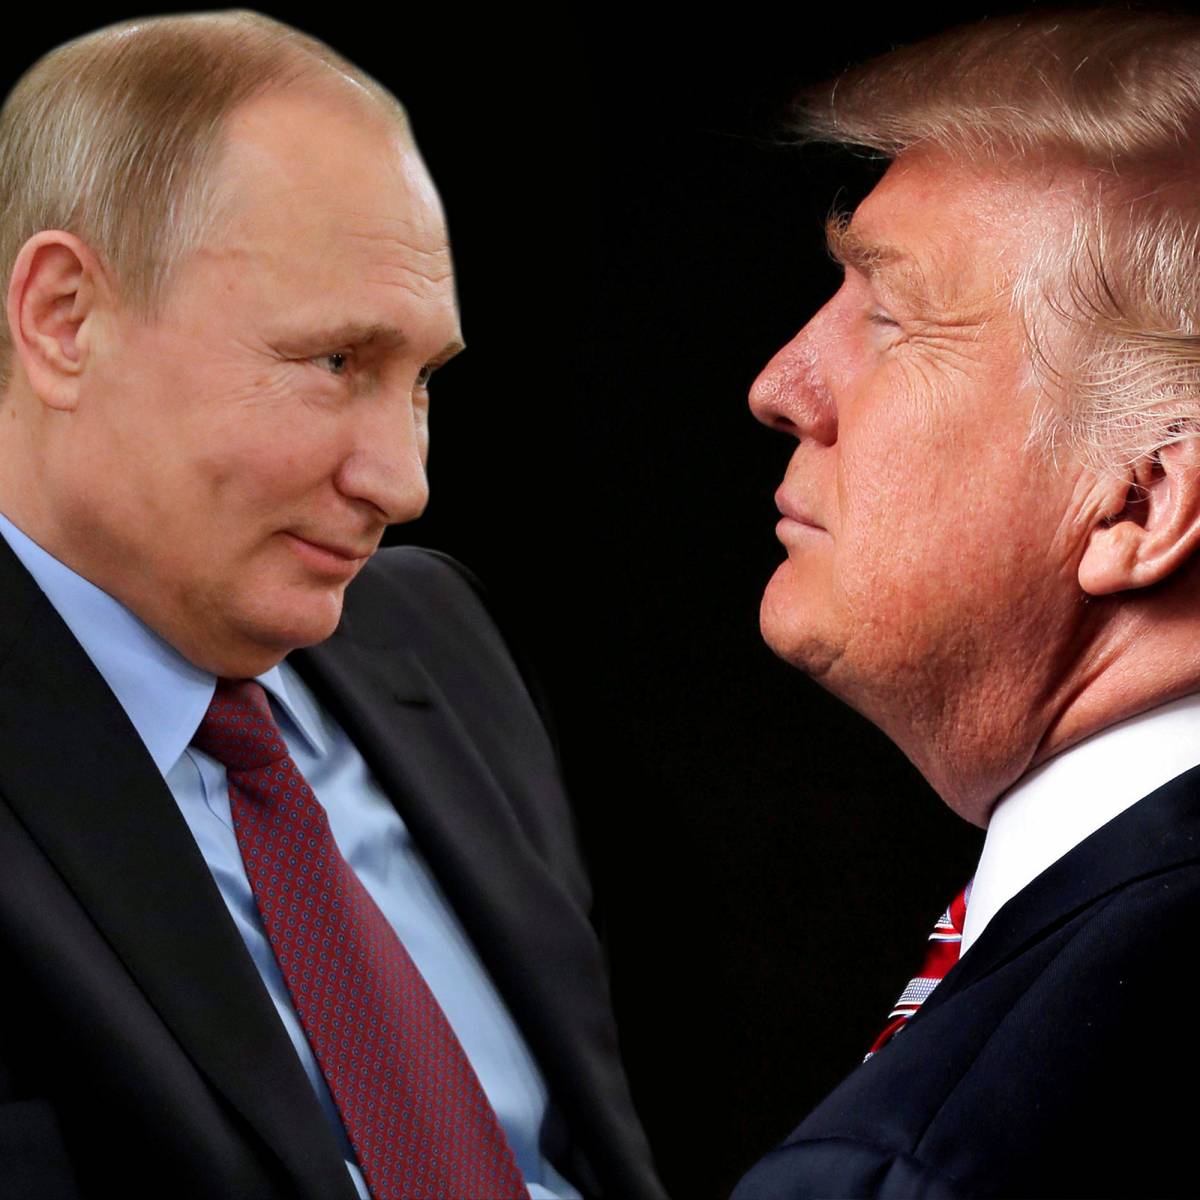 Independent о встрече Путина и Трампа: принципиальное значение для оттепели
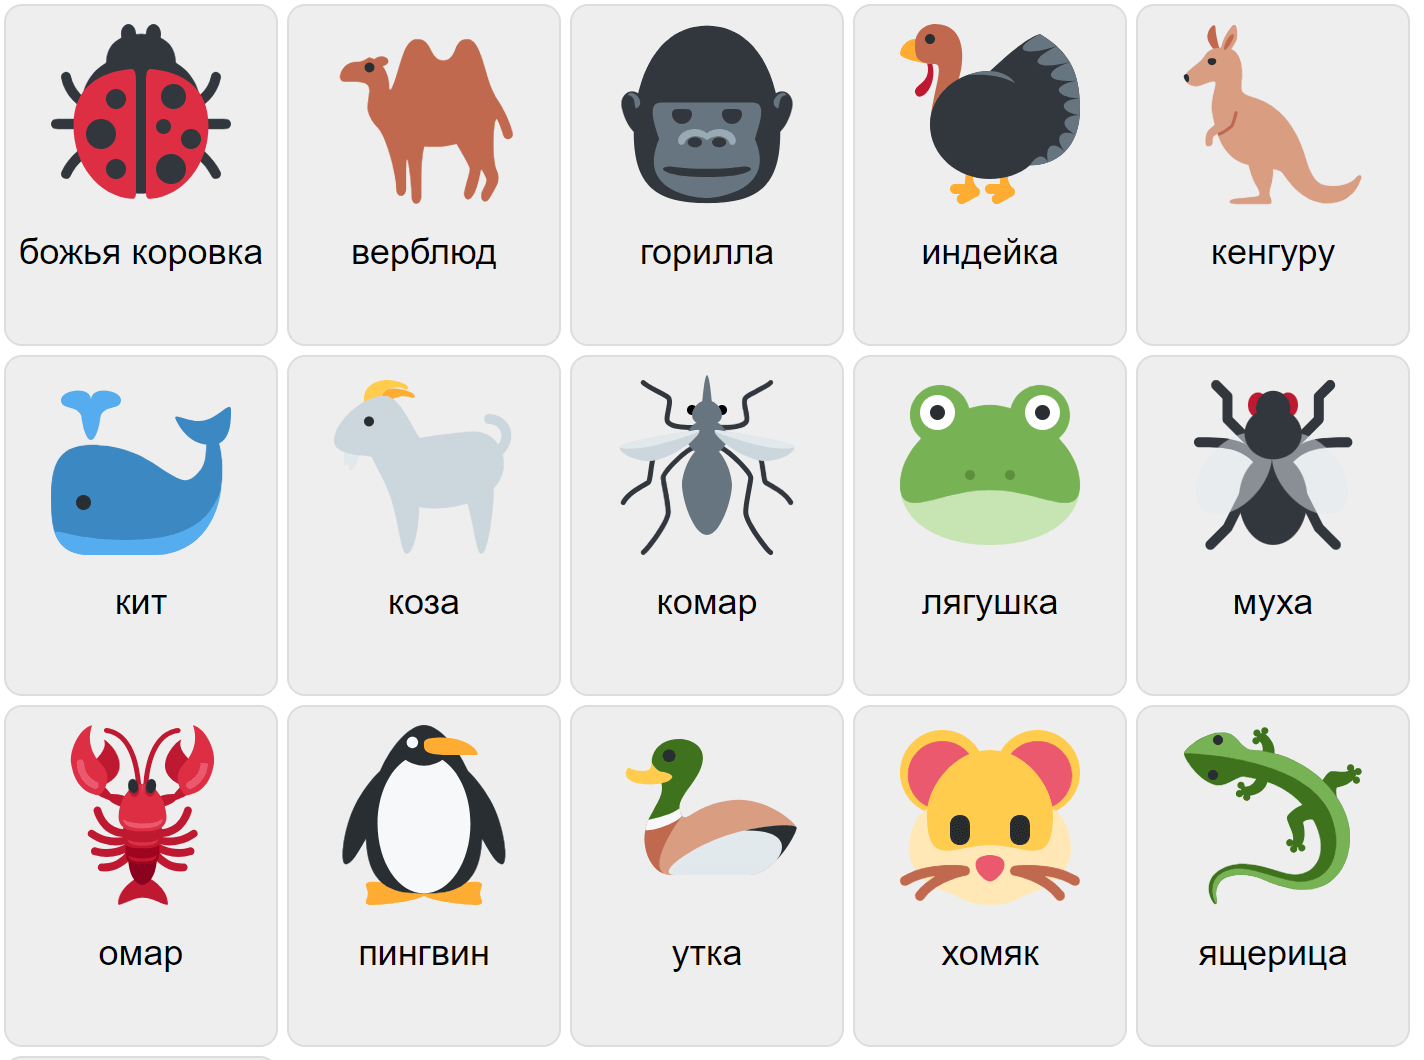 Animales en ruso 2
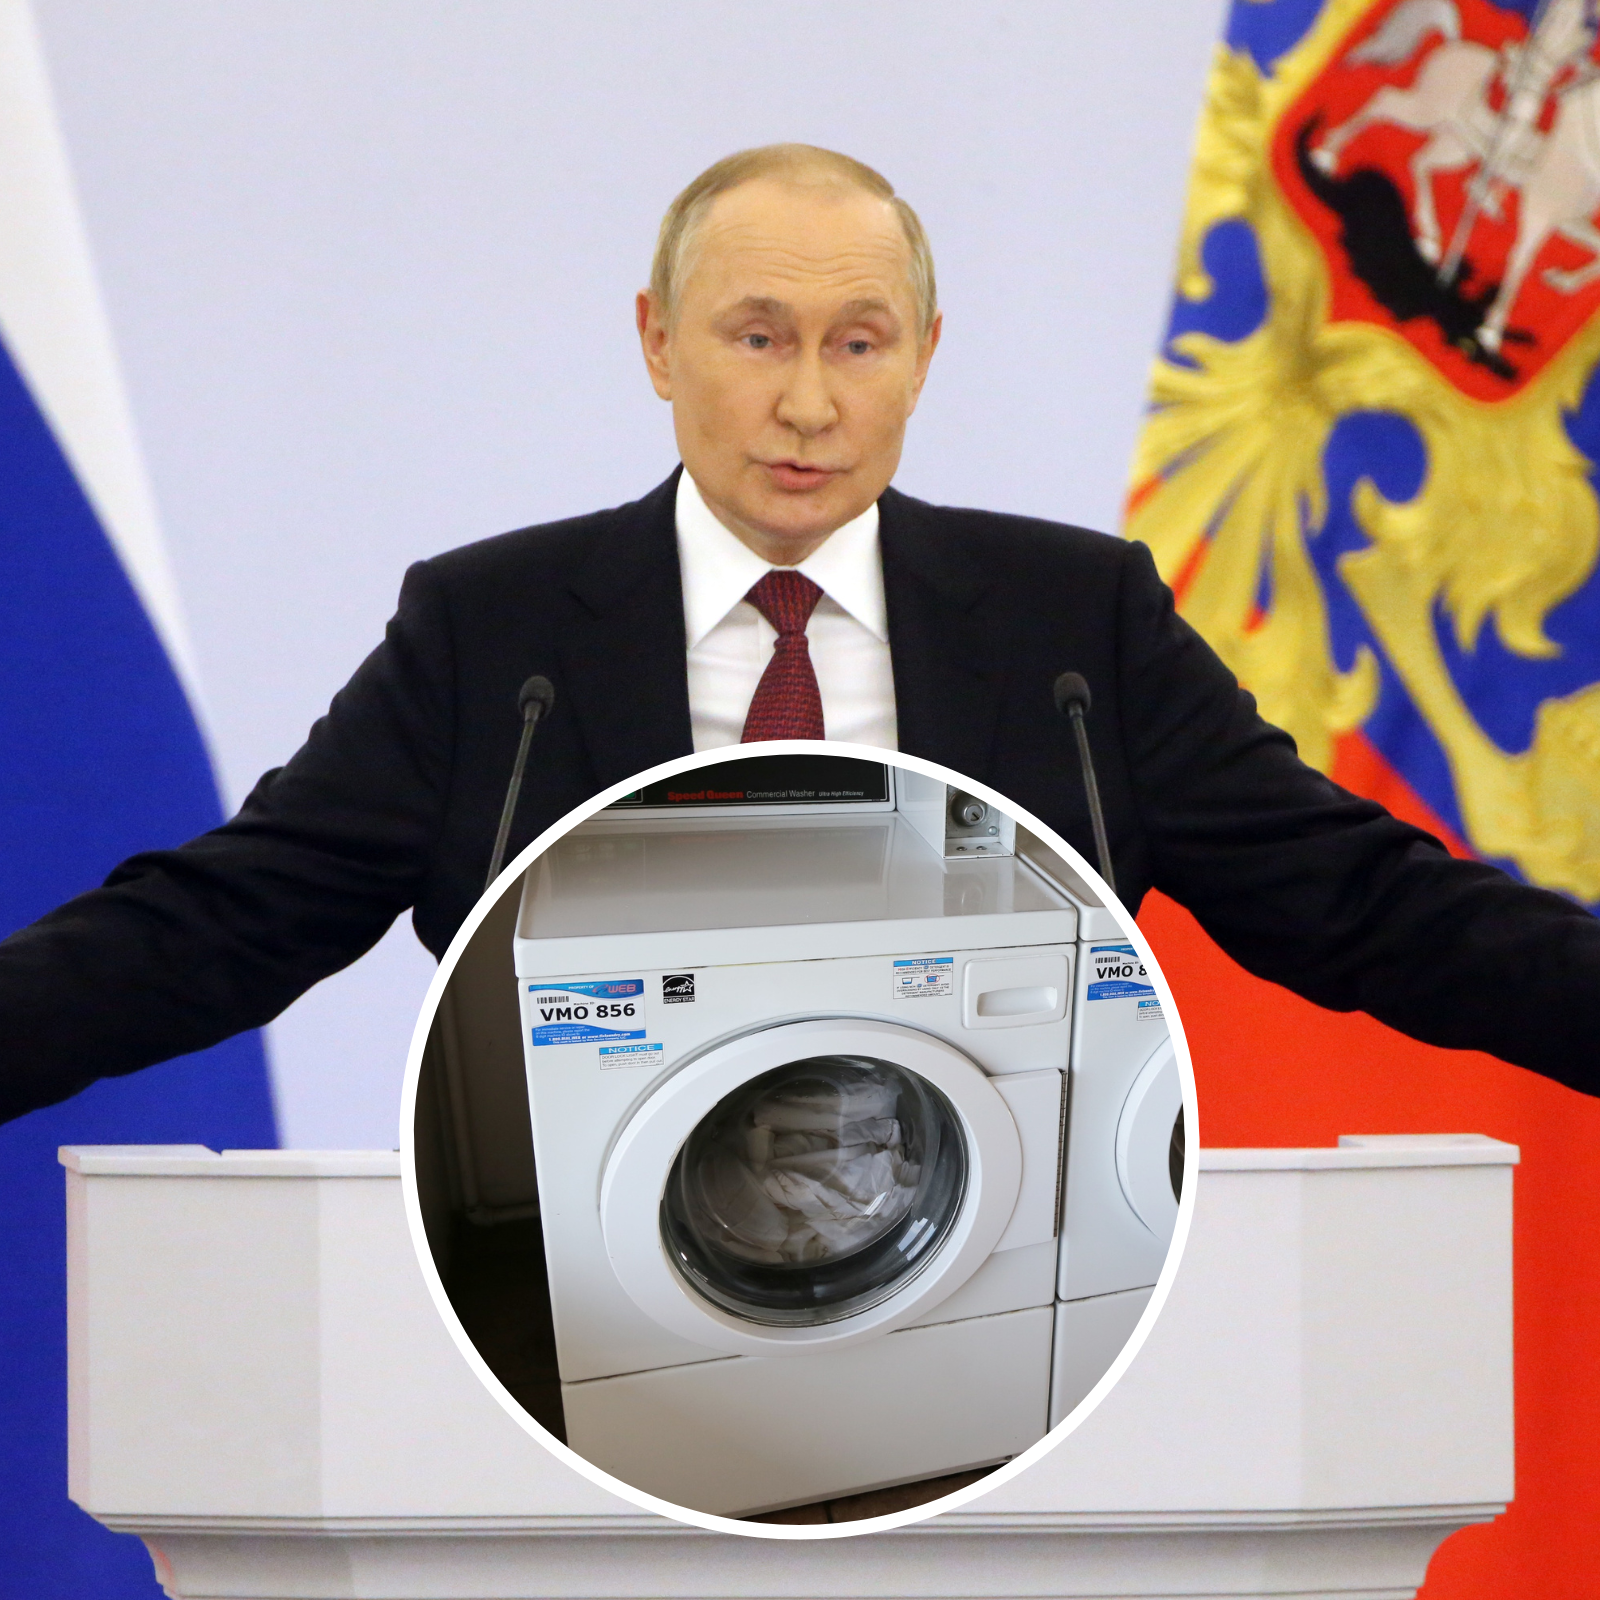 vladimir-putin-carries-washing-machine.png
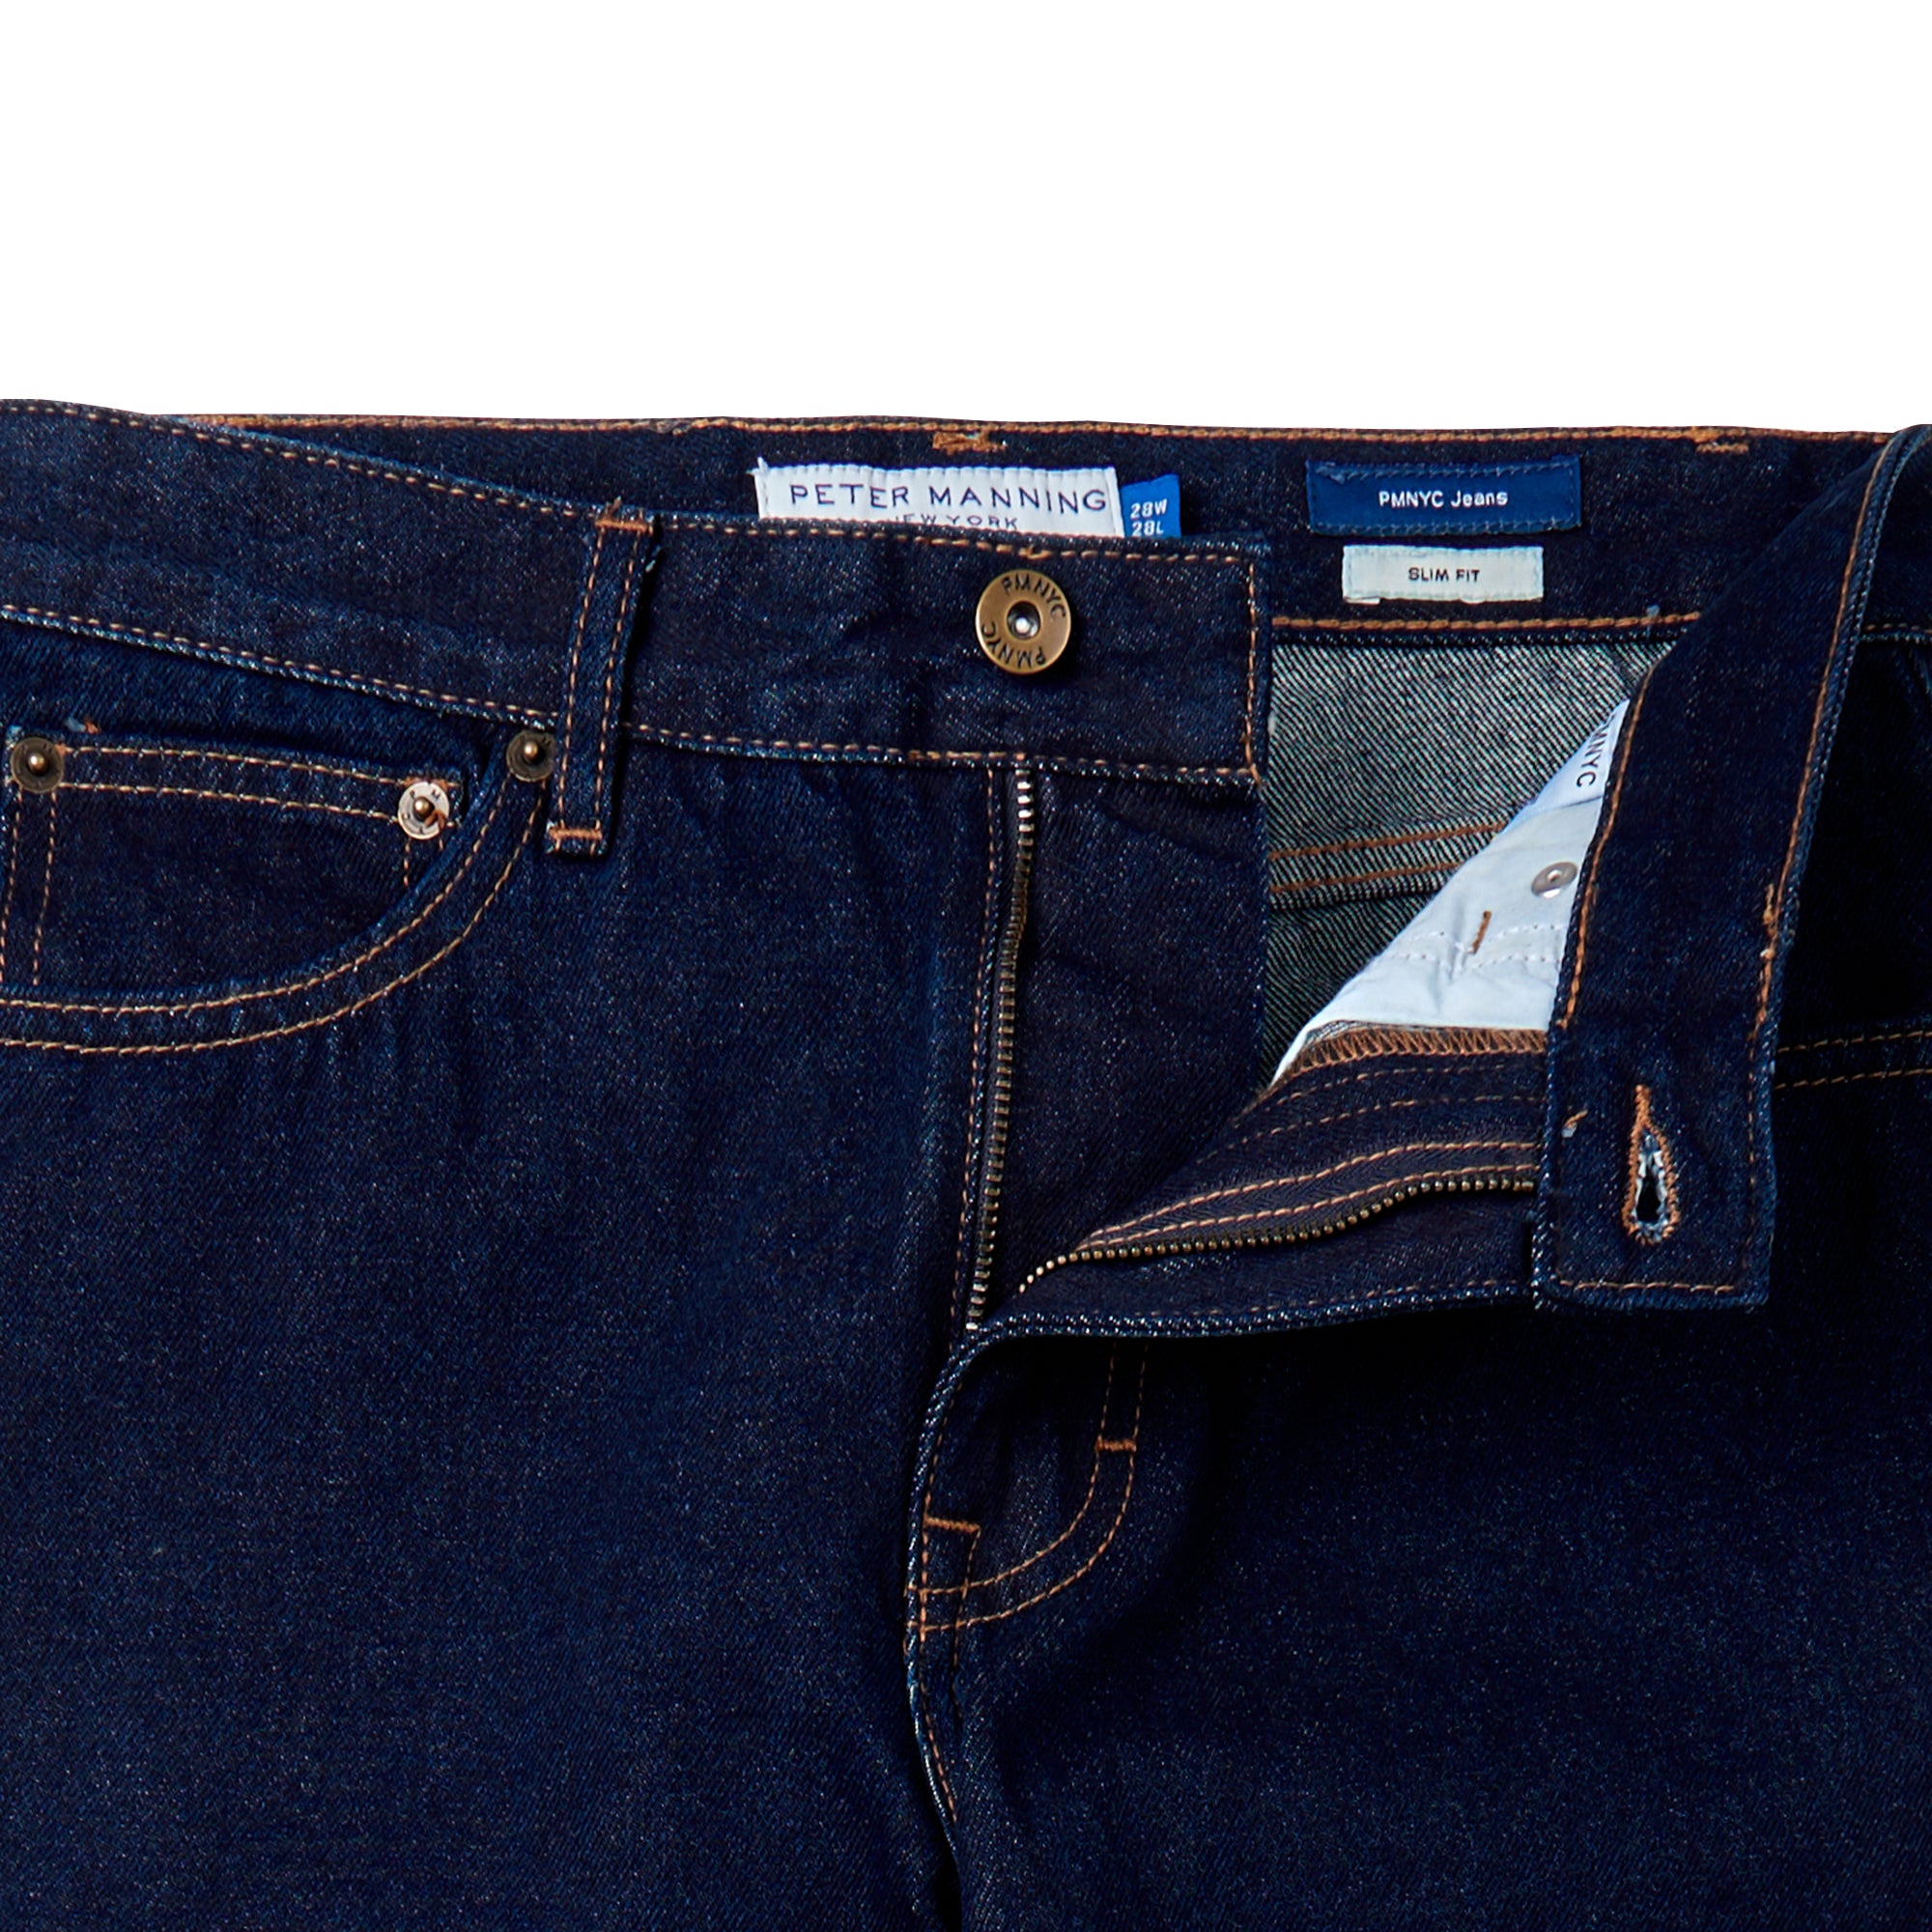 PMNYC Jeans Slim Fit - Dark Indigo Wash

# # # # # # #

§ TRY IT: Your copy of the data should match it exactly, apart from the images, which are omitted.

§ SOLUTION TO THE EXERCISE:
 Independent о встрече Путина и Трампа: принципиальное значение для оттепели
 Animales en ruso 2
 vladimir-putin-carries-washing-machine.png
 PMNYC Jeans Slim Fit - Dark Indigo Wash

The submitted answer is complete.